§ **PROBLEM TO SOLVE**: Only the lines from the one containing "Dirck-Jacobsz-van-Oostsanen-1496-1567" through the end of the listing belong in the answer, repeated exactly, with no pictures.

§ **SUPPLIED MATERIAL**:
◇ ◇ ◇ ◇ ◇

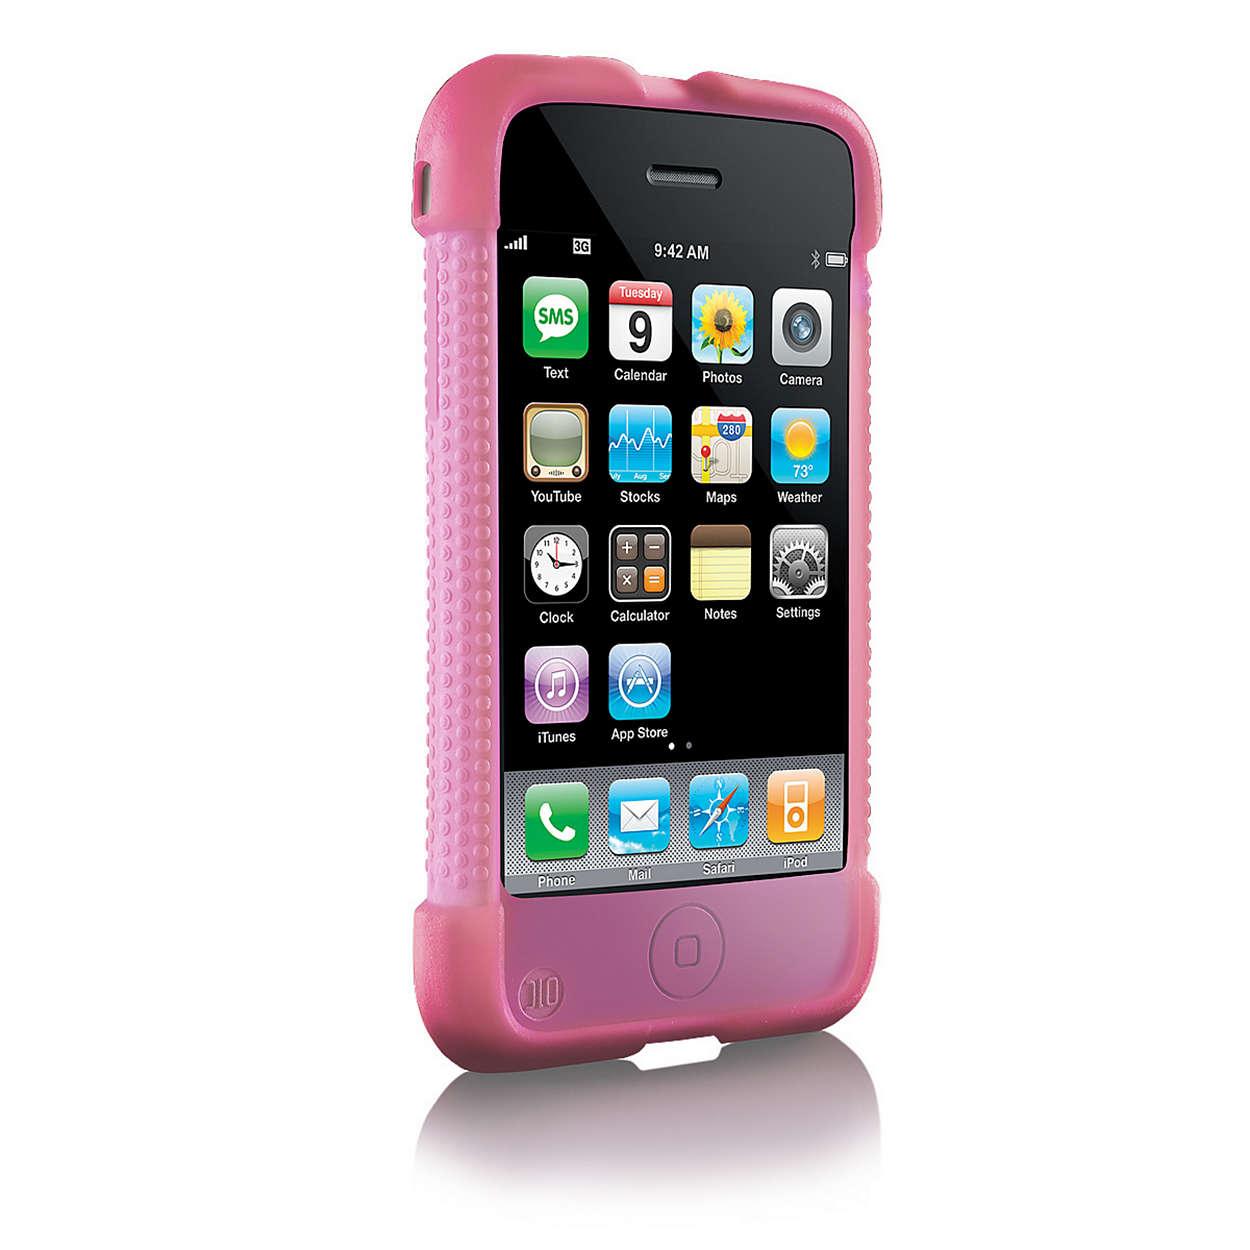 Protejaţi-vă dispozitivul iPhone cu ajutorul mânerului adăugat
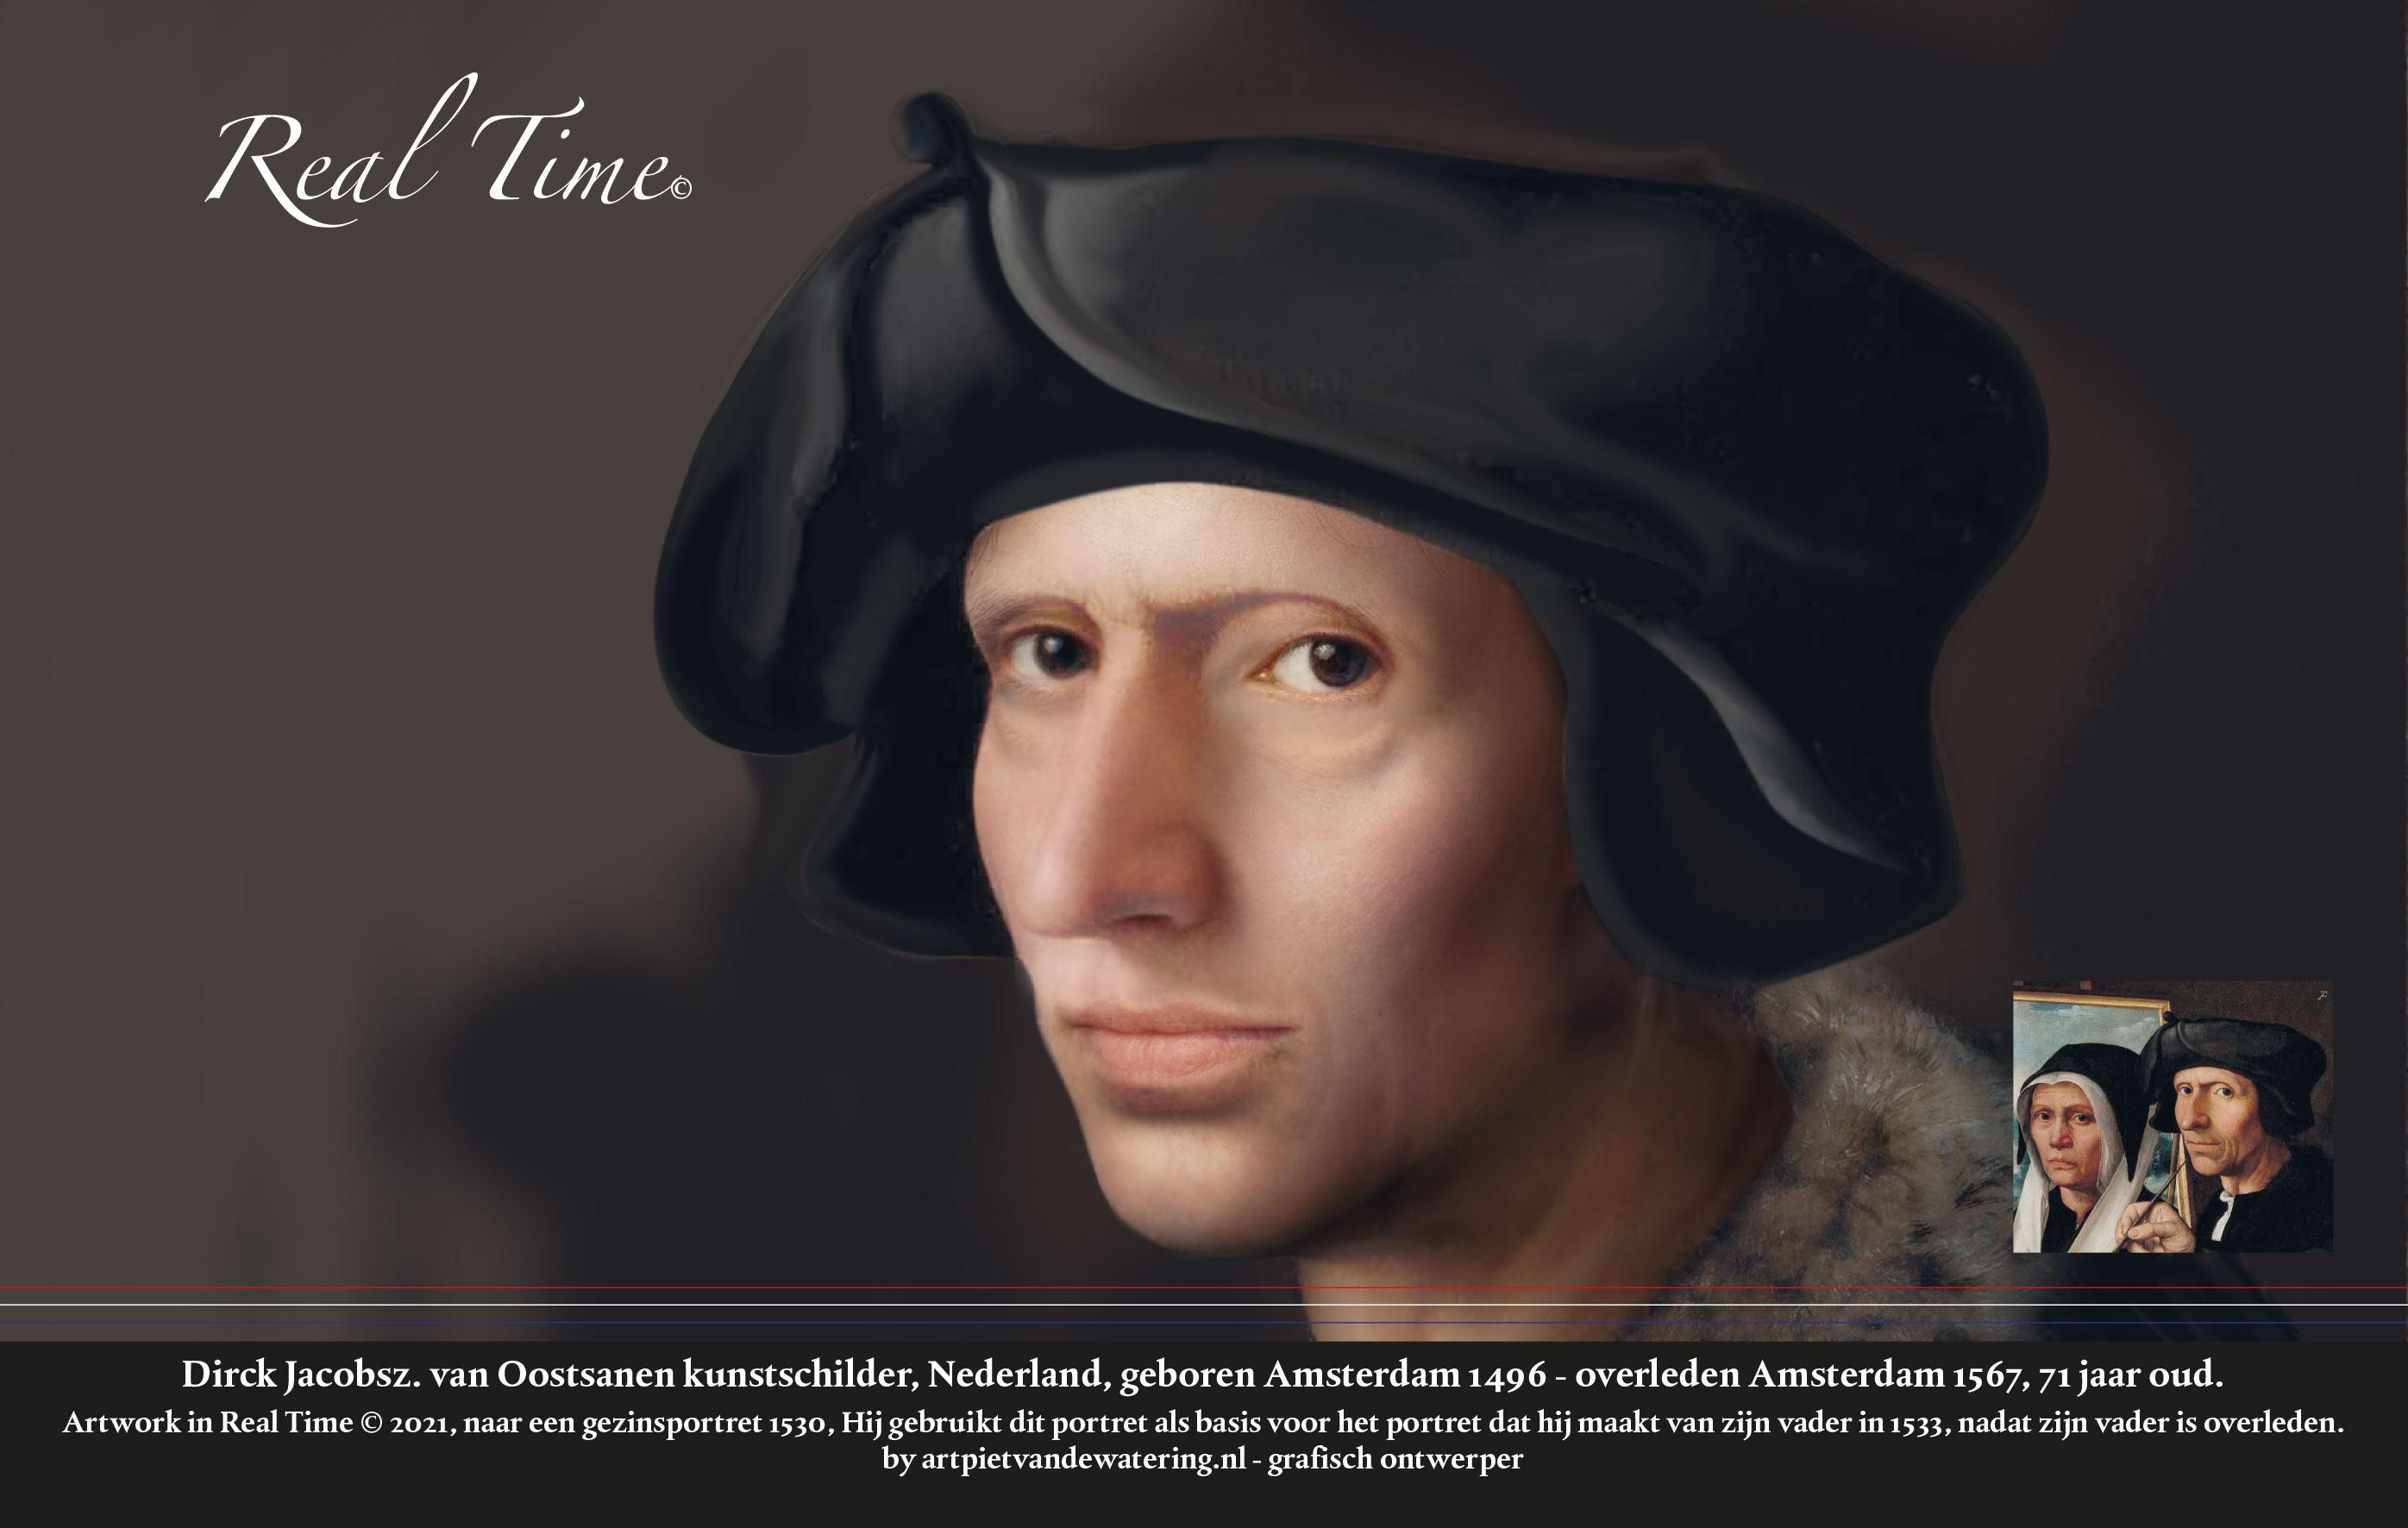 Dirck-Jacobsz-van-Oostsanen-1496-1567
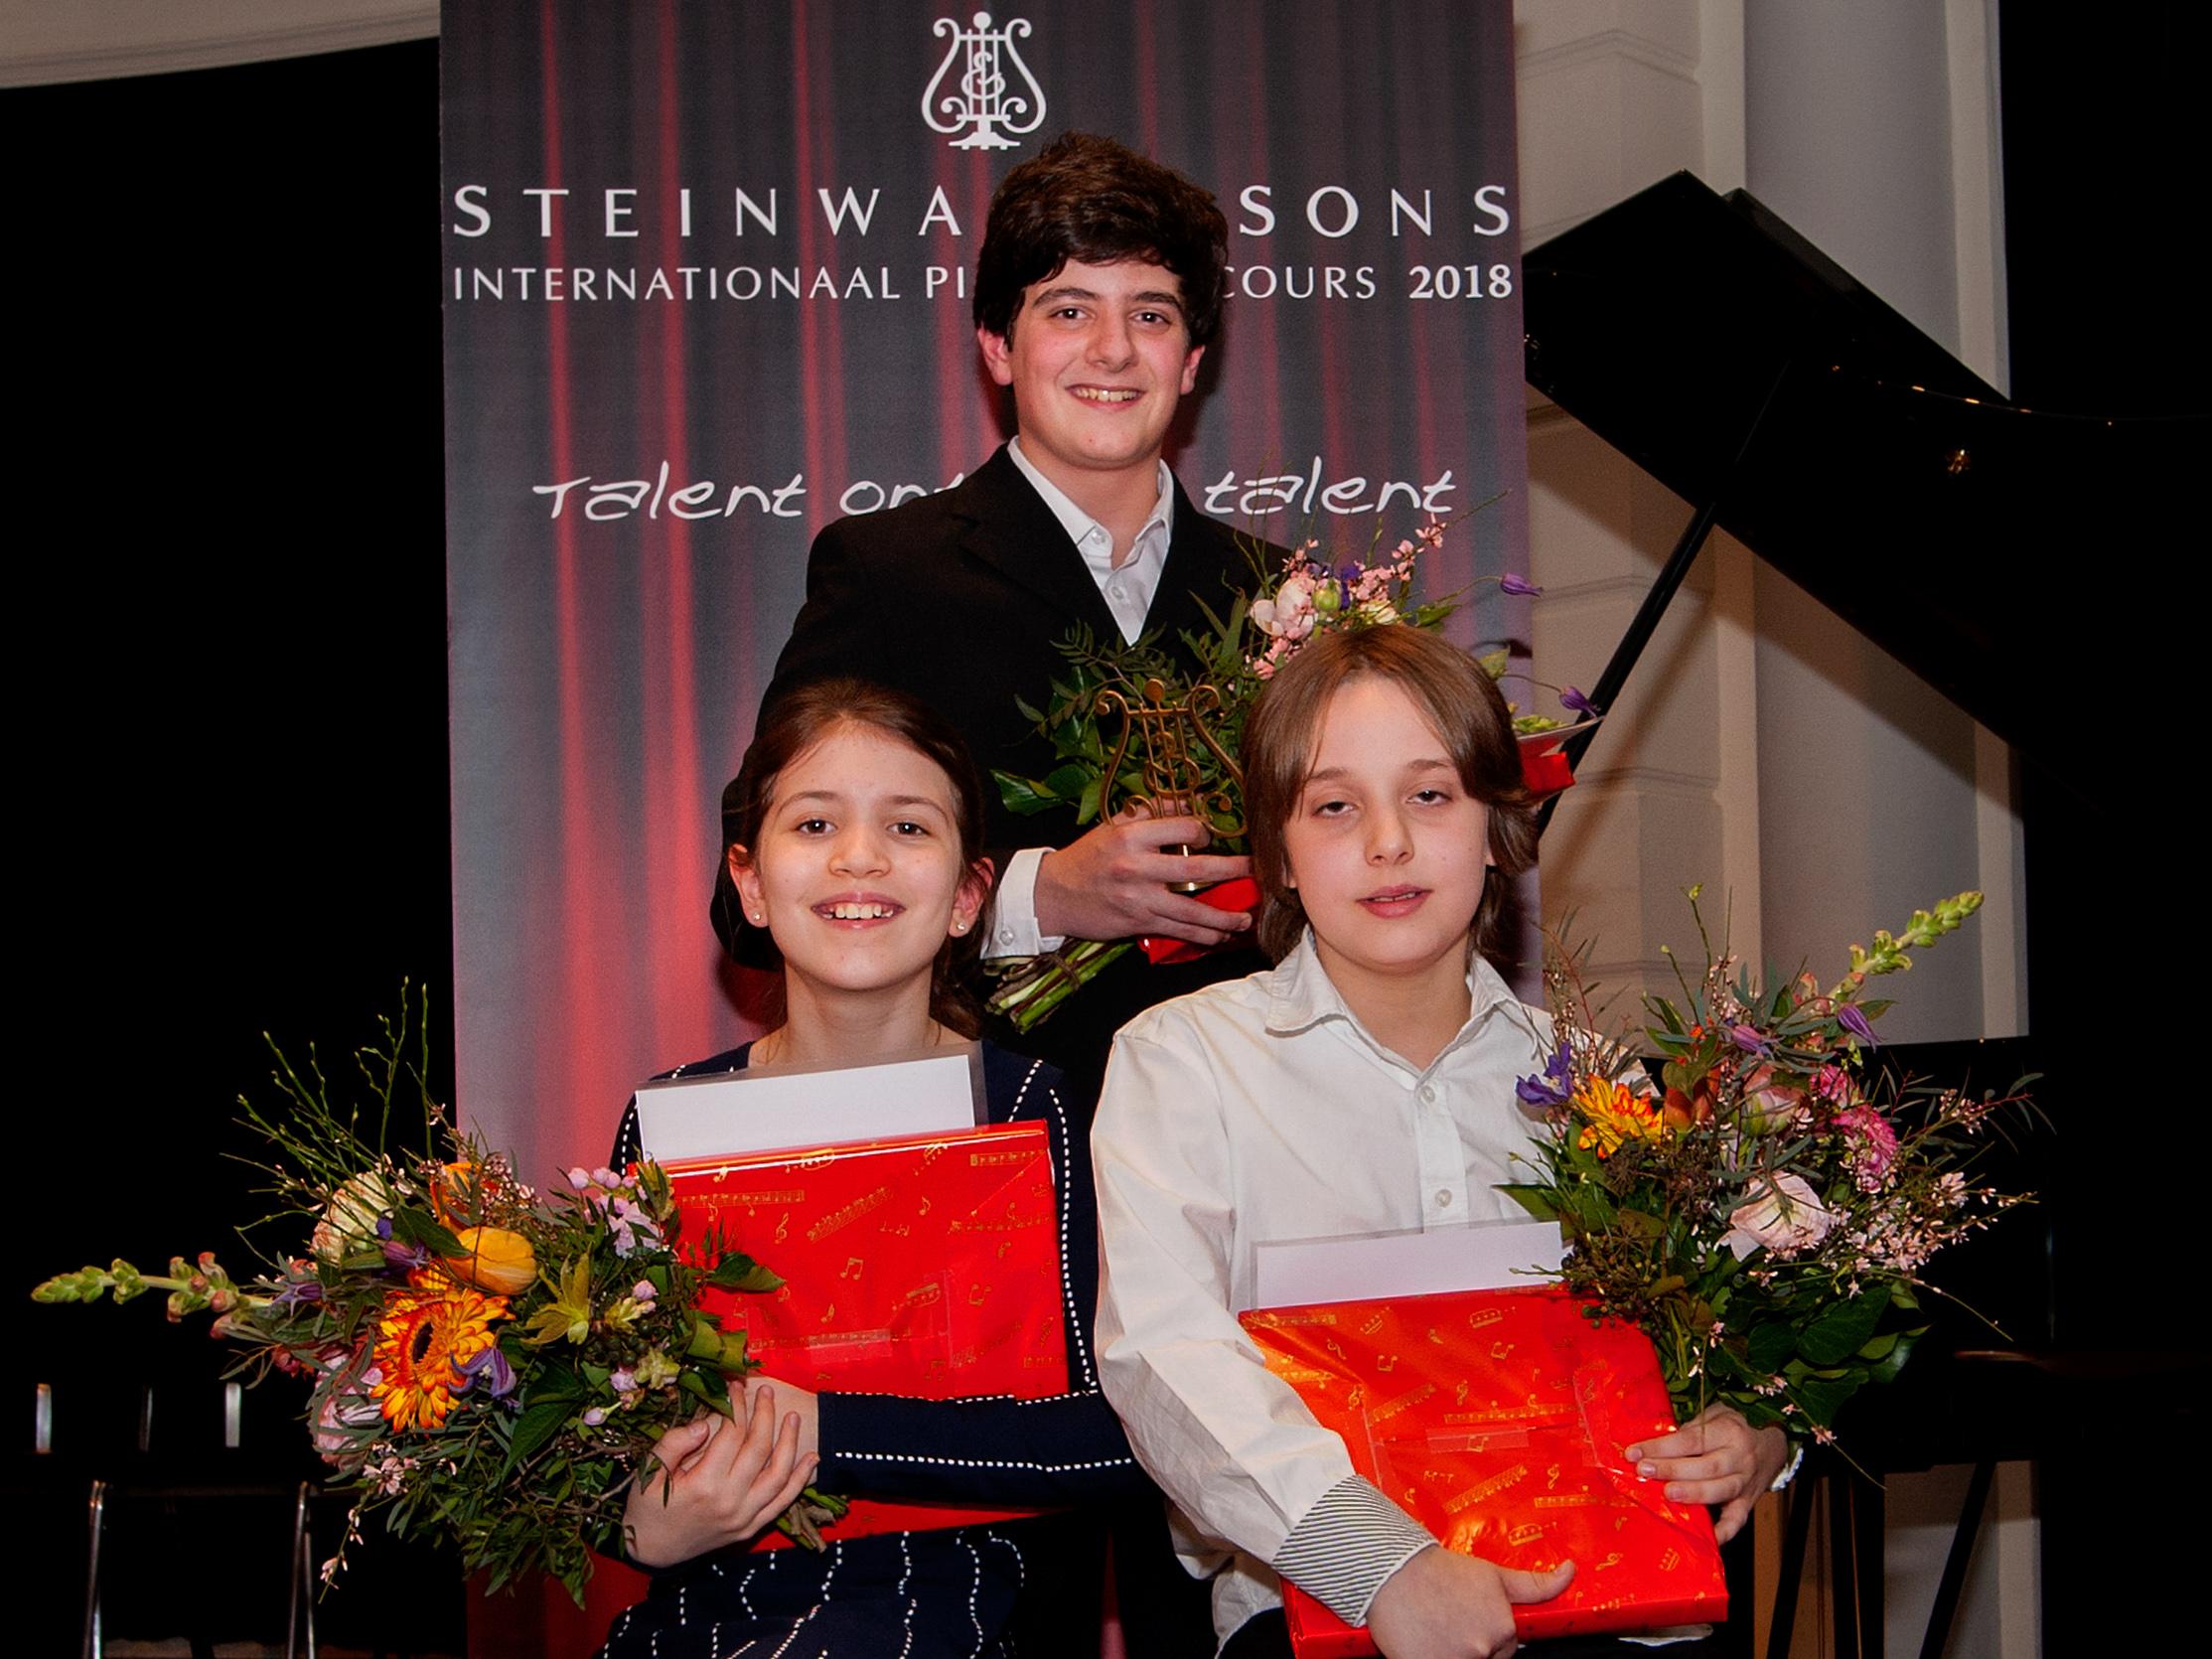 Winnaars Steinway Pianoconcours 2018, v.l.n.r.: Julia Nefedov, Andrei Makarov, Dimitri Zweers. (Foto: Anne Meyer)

◇ ◇ ◇ ◇ ◇

§ **YOUR RESPONSE**:
 Dirck-Jacobsz-van-Oostsanen-1496-1567
 Winnaars Steinway Pianoconcours 2018, v.l.n.r.: Julia Nefedov, Andrei Makarov, Dimitri Zweers. (Foto: Anne Meyer)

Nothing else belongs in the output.